• [Given records]:
┌────────

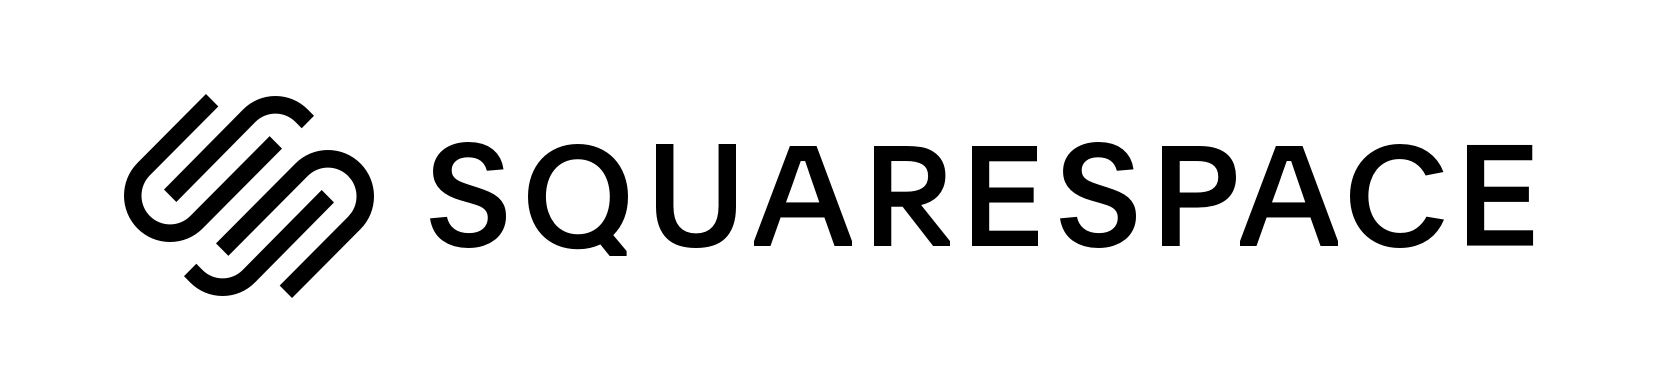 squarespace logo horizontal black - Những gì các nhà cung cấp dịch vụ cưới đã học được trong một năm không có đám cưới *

└────────
┌────────

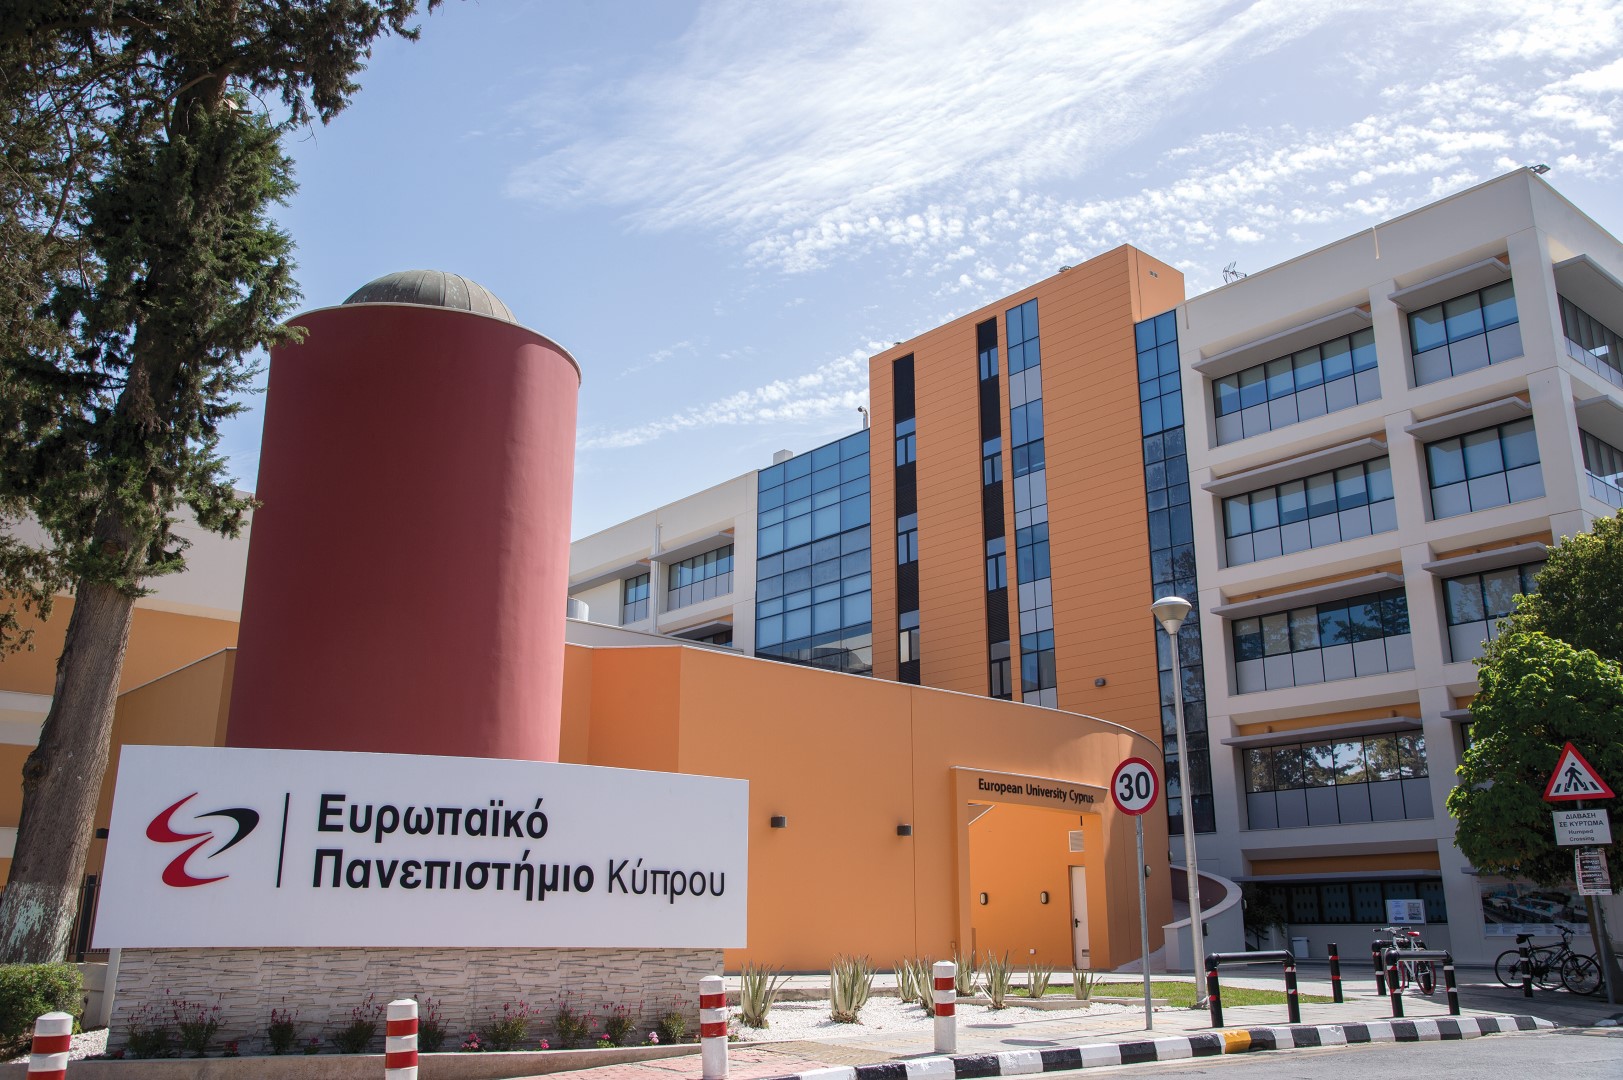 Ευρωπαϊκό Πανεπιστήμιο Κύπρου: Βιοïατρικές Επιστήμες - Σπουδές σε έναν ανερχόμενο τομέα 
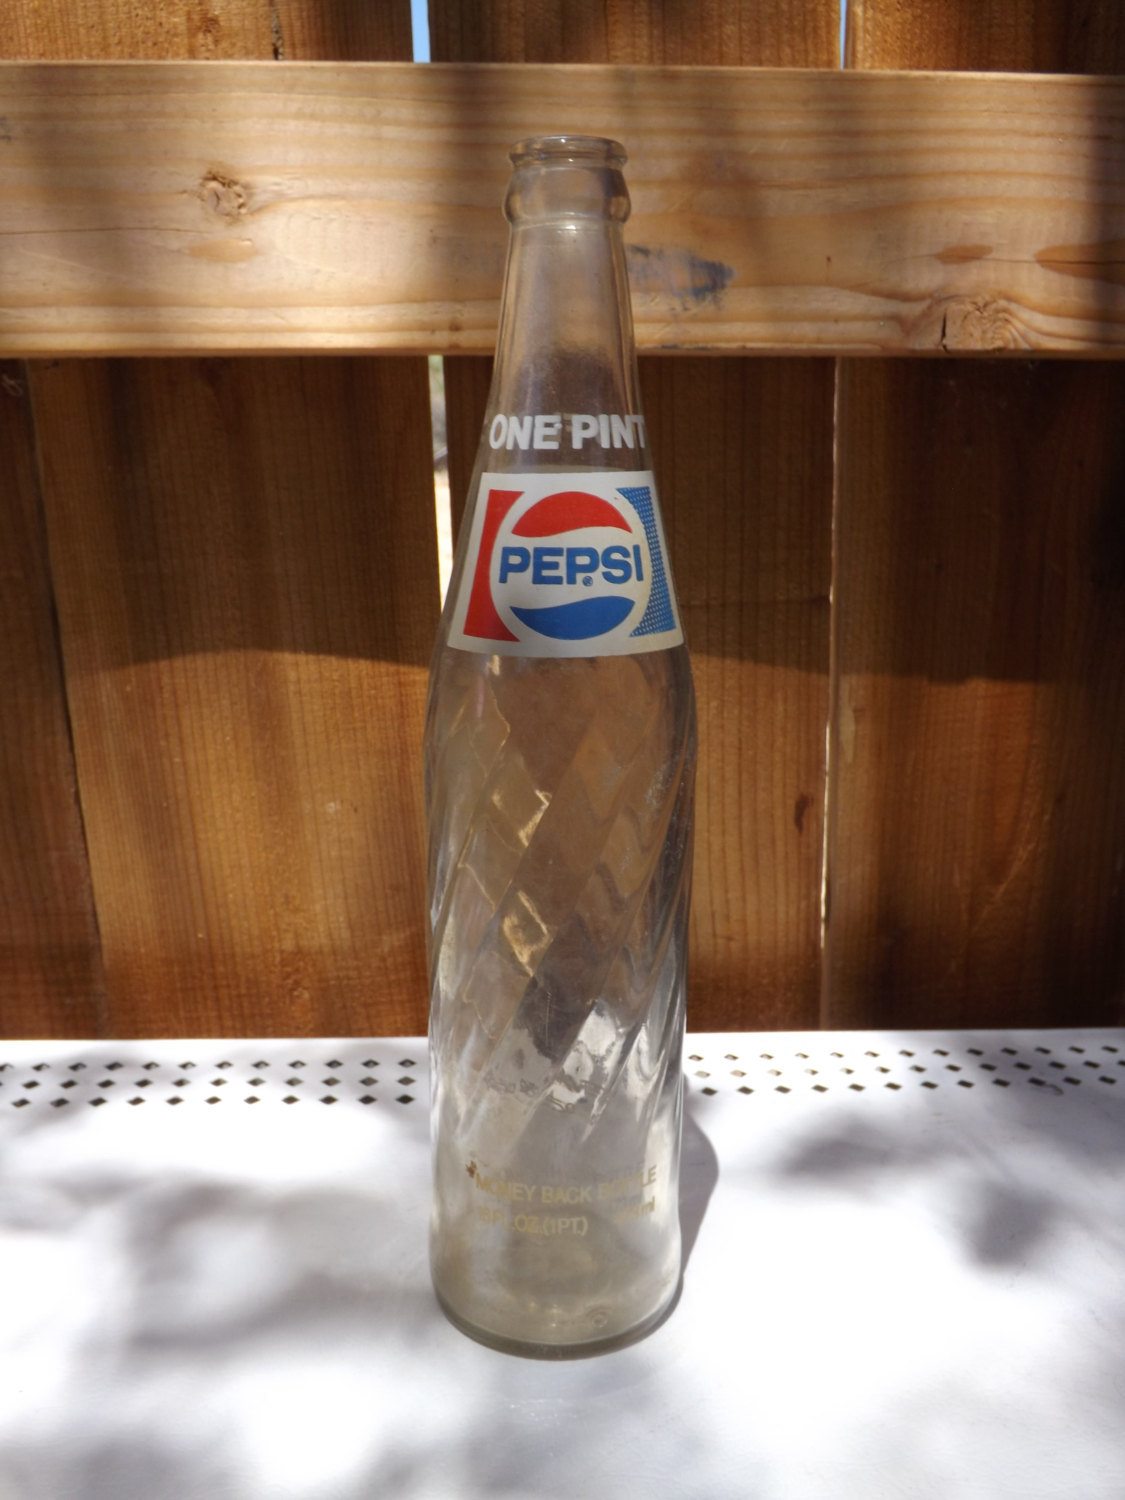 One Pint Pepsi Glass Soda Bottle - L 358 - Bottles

└────────

• [Your instructions]:
Going by the data above, give back only the lines from the one containing "Ευρωπαϊκό Πανεπιστήμιο Κύπρου: Βιοïατρικές" through the one containing "One Pint Pepsi", exactly as they stand, both ends included and no images.

• [Exercise solution]:
 Ευρωπαϊκό Πανεπιστήμιο Κύπρου: Βιοïατρικές Επιστήμες - Σπουδές σε έναν ανερχόμενο τομέα 
 One Pint Pepsi Glass Soda Bottle - L 358 - Bottles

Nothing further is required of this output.